ChatGPT and forecasting macro

First off, and possibly this might disappoint some, this post is written by a human, who has a certain penchant for burgers, as opposed to ChatGPT, who prefers to digest CPU cycles and TCP packets. Twitter and LinkedIn are awash with examples of questions for ChatGPT and their answers. I have to admit some of the responses from ChatGPT are remarkably detailed, and in many cases I think most people would struggle to tell them apart from a human. Perhaps the most human-like element is the absolute confidence ChatGPT has in many of its responses, without much in the way of references, or simply references which are made up!

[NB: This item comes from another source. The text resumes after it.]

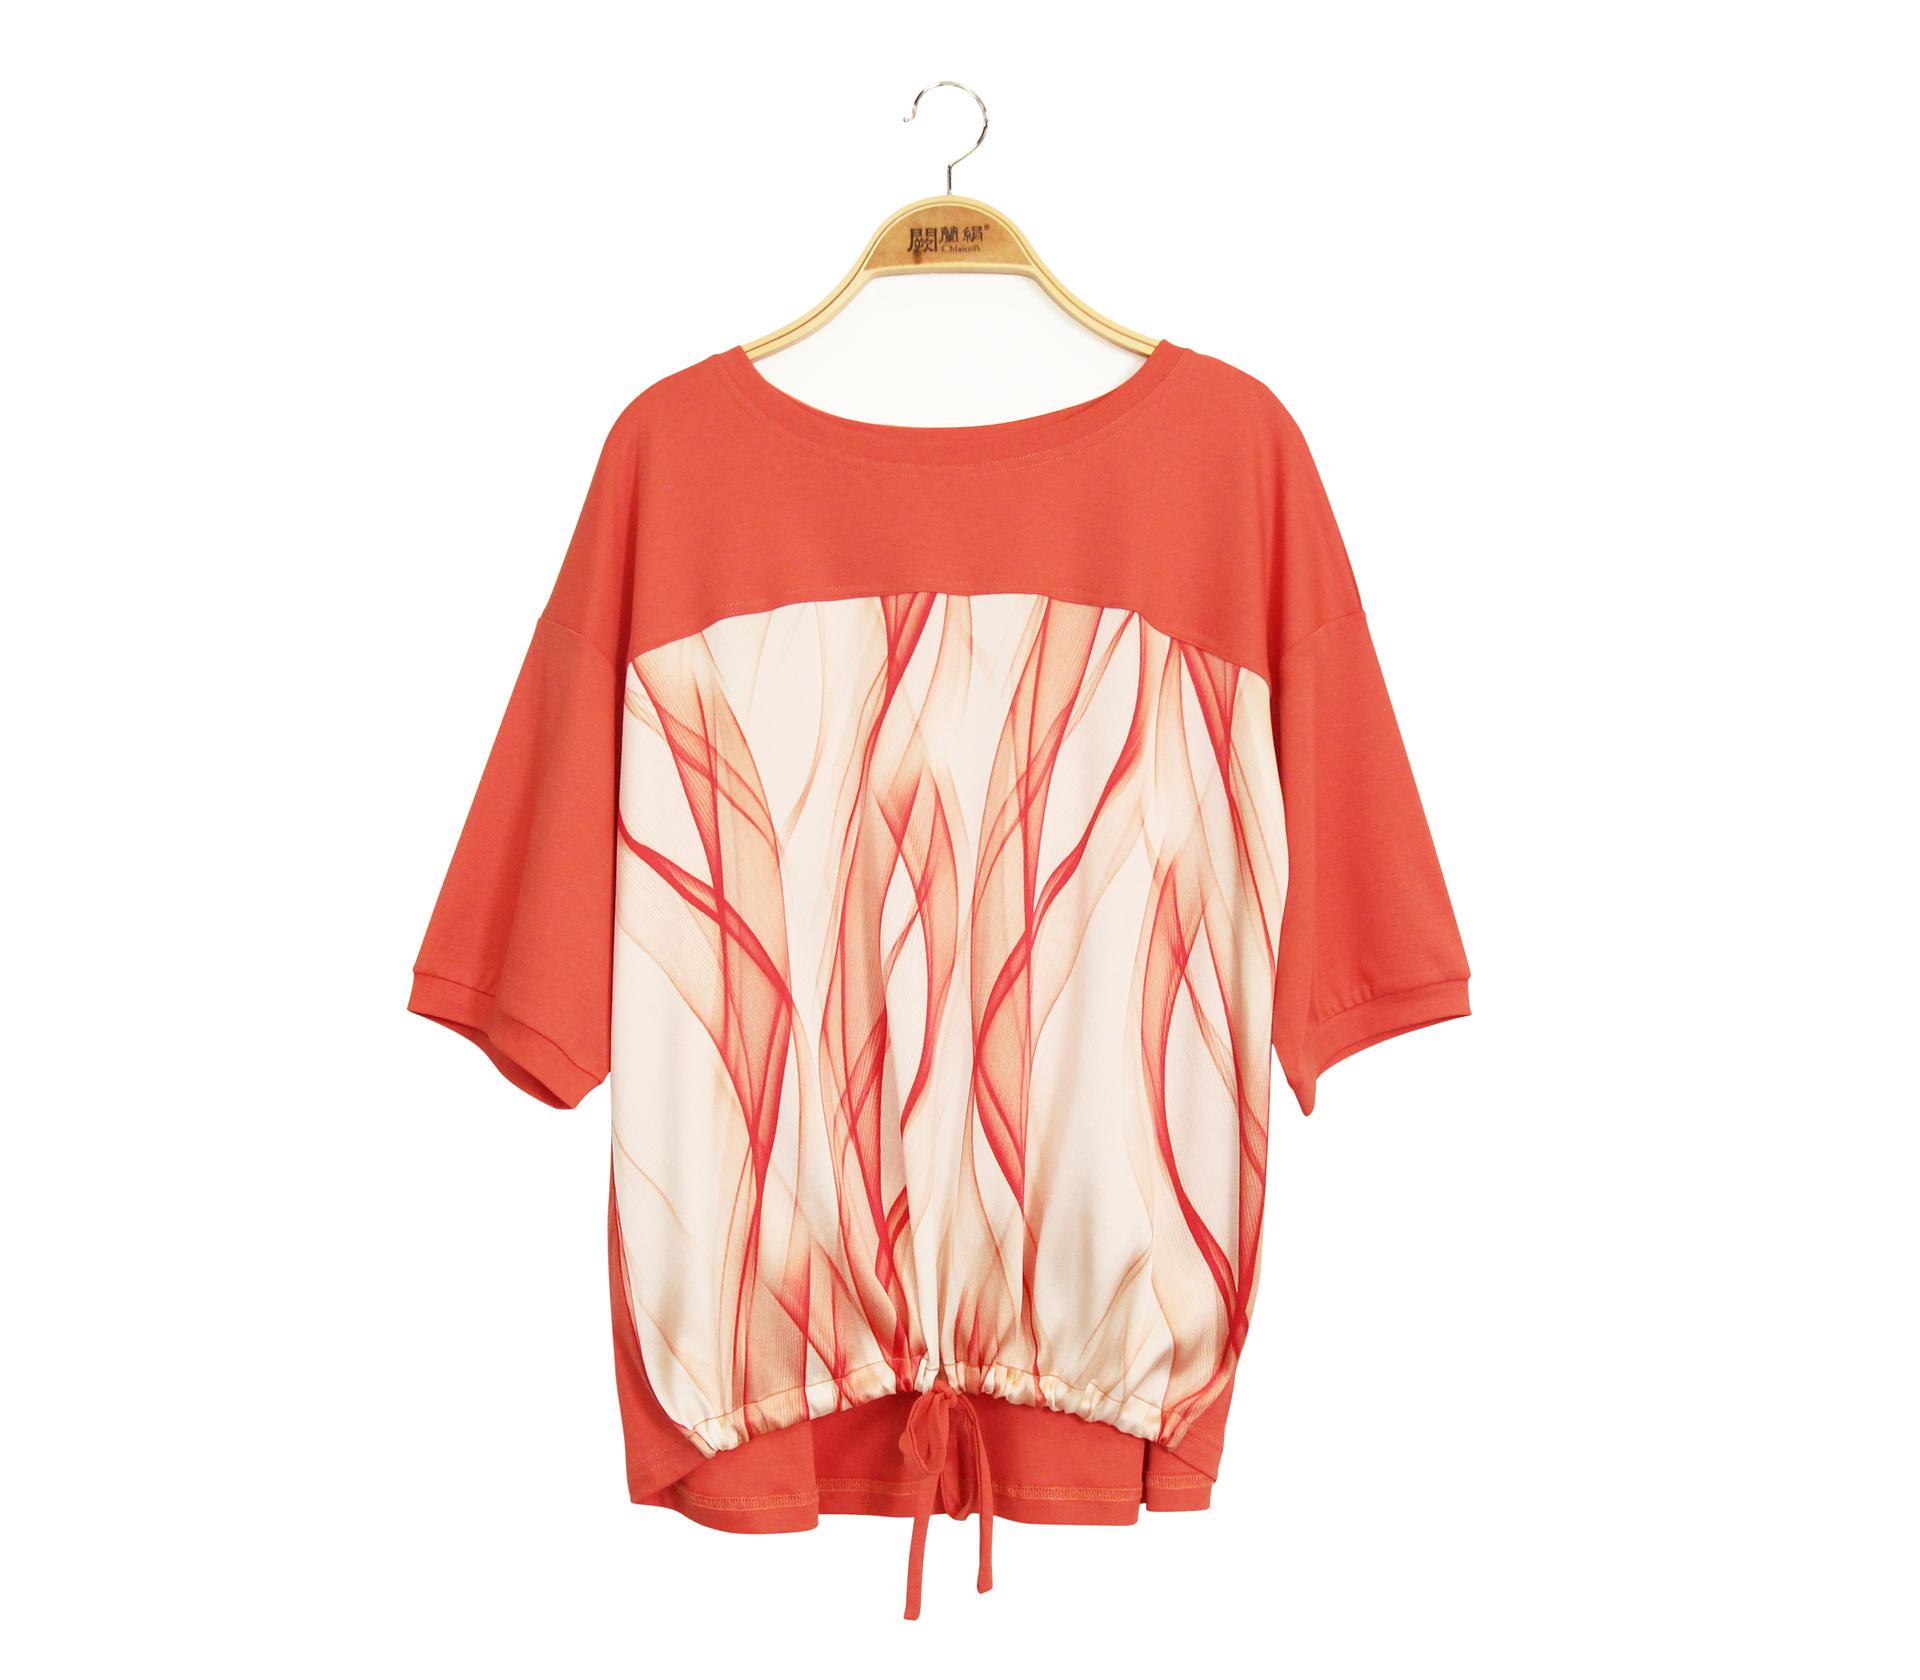 闕蘭絹拼接緞面波浪紋蠶絲下擺綁帶短袖上衣 - 橘色 - 6646

But jokes aside, there are many use cases. One particular use case, is asking programming questions. Often the workflow for coding involves some sort of Google search, which invariably results in a Stack Overflow page which gives you hints. ChatGPT appears to supercharge this whole process, creating very specific answers, to programming questions you might usually simply Google. That isn’t to say it’s not perfect. You still need to be interpret the code it gives you, and weed out any bugs. However, if you can break down your problem (divide and conquer which is an integral part of computer science), I suspect ChatGPT could be a very useful tool to speed up development, provided you can break down problems into sufficiently small parts (ie. divide and conquer).


What about forecasting economic variables like inflation? That’s the main focus at Turnleaf Analytics, which Alexander Denev and I cofounded. If you ask ChatGPT questions about the drivers for inflation, it can indeed give you a reasonable response, which is fashioned around its rather large training set (several hundred GB in size). However, it isn’t going to directly forecast inflation for you.


The problem of forecasting inflation requires data, just like training ChatGPT needs data, although admittedly different sorts of data. However, there are many constraints we face. Our time series is relatively short (and low frequency), and we have many fewer observations, than we have variables. Throwing irrelevant data into the mix isn’t necessarily the way to go. If our model is very complex for the problem at hand, we could end up overfitting it. 


Curation of data is crucial, it’s not about any data, it’s about the right data! What data is likely to be a driver of inflation? Where can I get this data, and if some of this data is unstructured, how can I structure it into a nice time series to use in the model? How can I clean this data? What other preprocessing do I need to do? Of the data we collect, what does it represent, who collects it, what does it measure? When is this data collected (and what is the importance of point-in-time data)?


Only once we have gone through all these steps, will we have a nice clean dataset can we feed it into a machine learning model (that illusive SELECT * FROM A_TABLE_OF_CLEAN_DATA!). We need to have skills of both data engineering to manage the pipeline and data science when creating the model. Creating that “nice clean dataset” is a painful part of the problem, and once that is done we can think about model step.


ChatGPT is a very exciting tool. It can be a good tool to help to solve parts of many problems, if we can articulate very specific questions related to certain elements of those problems. However, it cannot automatically solve every generalized problem we might try to choose at it, such as forecasting from a high level.